Over the ten days of the battle, the perimeter created and defended by the British would be termed by the attacking Germans “Der Hexenkessel”, the “Witches Cauldron”. While Ballantyne touches on how Horrock’s XXX Corp is getting on as they race north towards Arnhem, it is 1st Airborne and the inhabitants of the towns they would briefly liberate that is the focus of Ballantyne’s narrative.
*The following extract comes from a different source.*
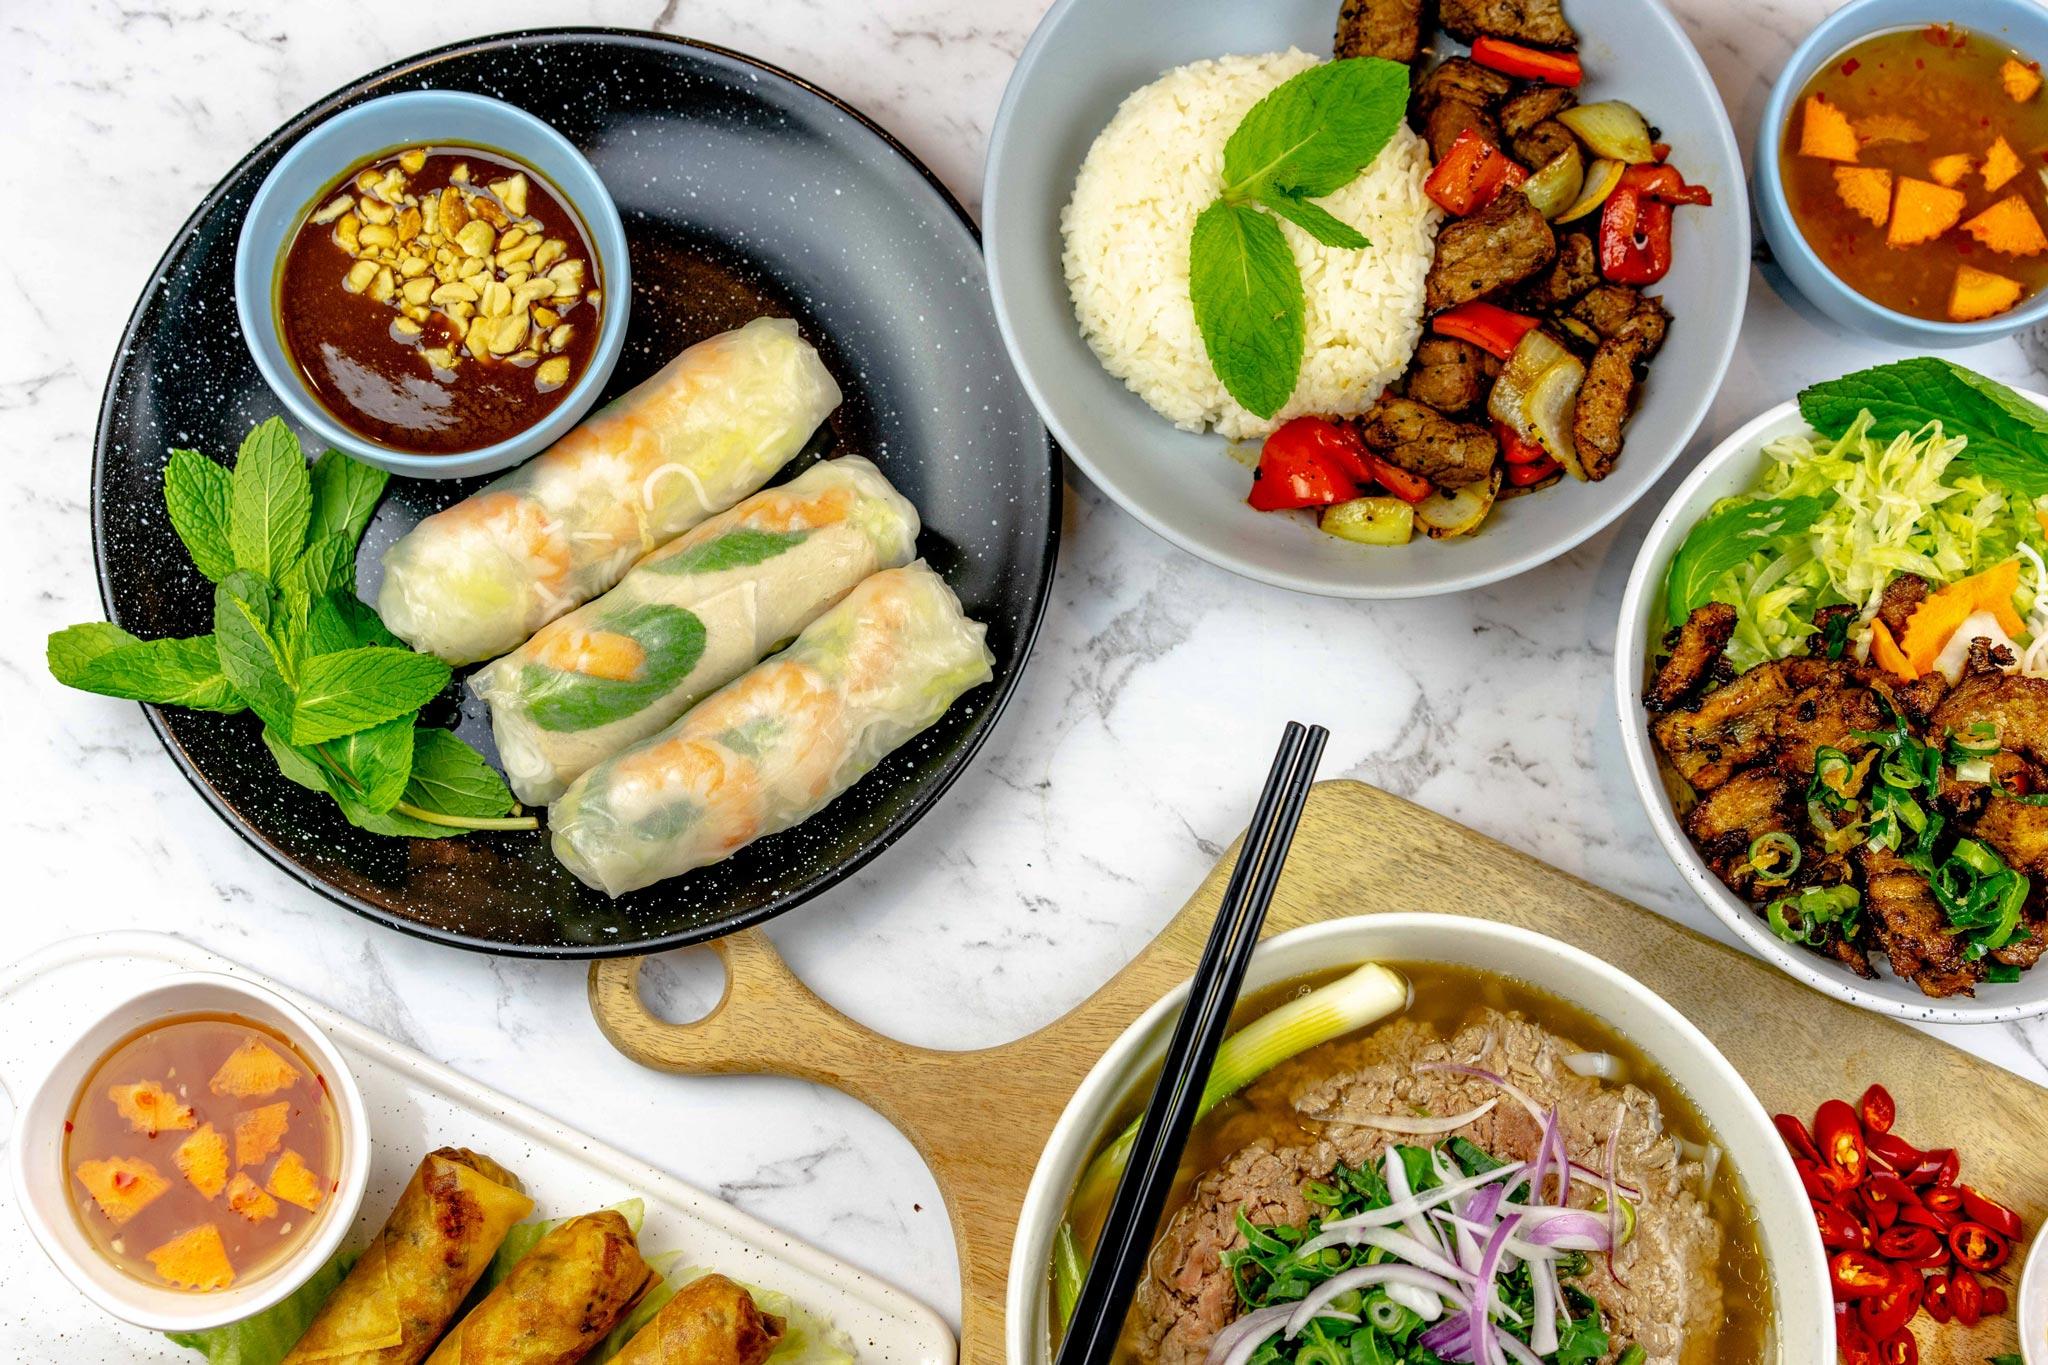 PhoMeOi_FoodImages-15.jpg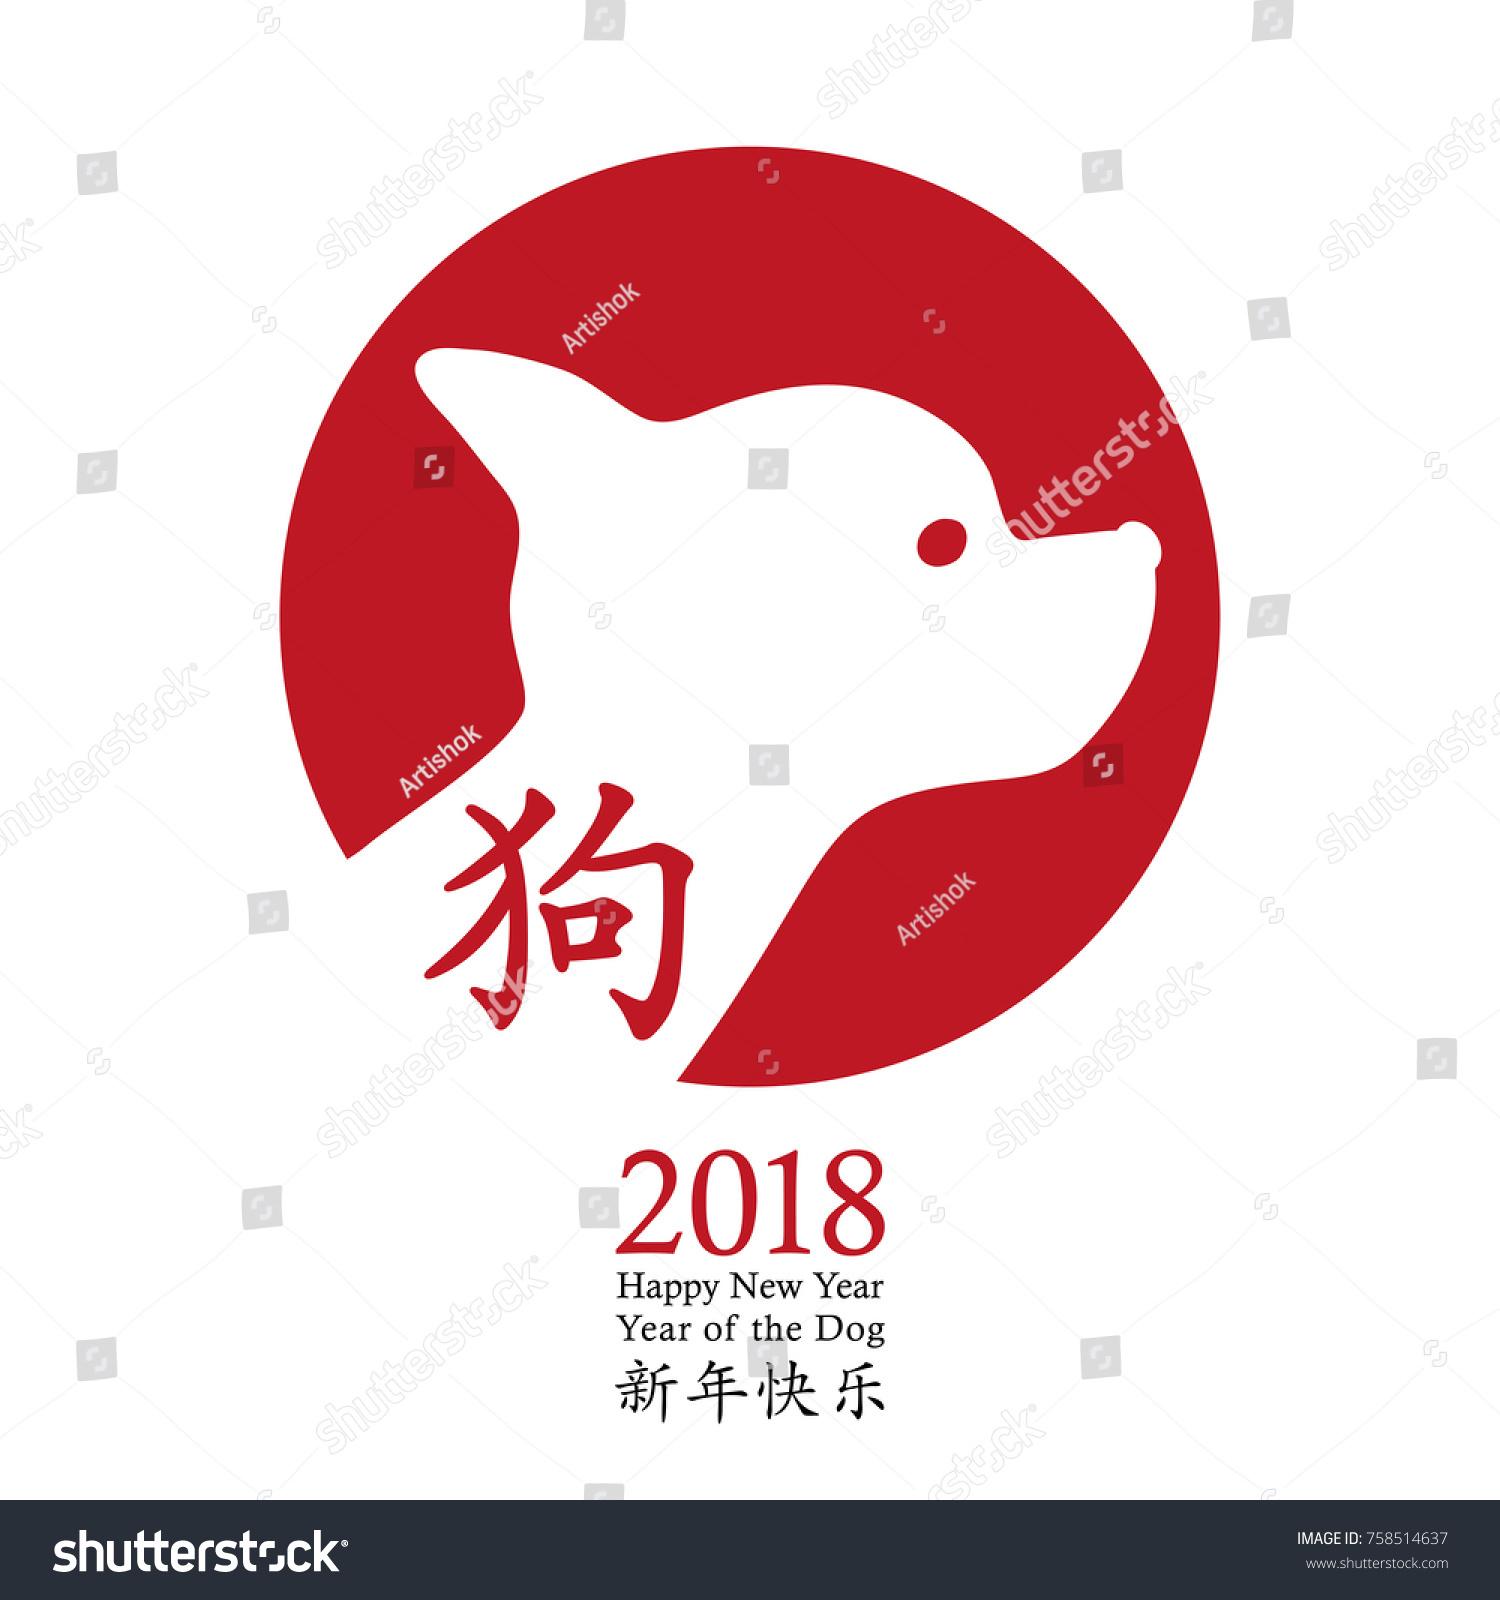 2018 Chinese New Year Dog Vector Stock-Vektorgrafik (Lizenzfrei ...

In the memoirs of Arnhem and Oosterbeek residents Jan Loos and Frans de Soet, Ballantyne is able to bring an incredible viewpoint to the battle. It would be within their homes that the battle would be fought and lost. To see this utter ferocity from the eyes of those caught in the middle is remarkable. All too often in histories of the great battles, the civilians are a footnote or a statistic, here Ballantyne uses Loos and de Soet’s viewpoint to great effect. Through each chapter that covers each day of the battle, Ballantyne show the deterioration of the conditions the men fighting and the men and women caught up in the fighting face. Also, how the joy of having the Allies show up dissipates as the reality of the overstretch starts to sink in.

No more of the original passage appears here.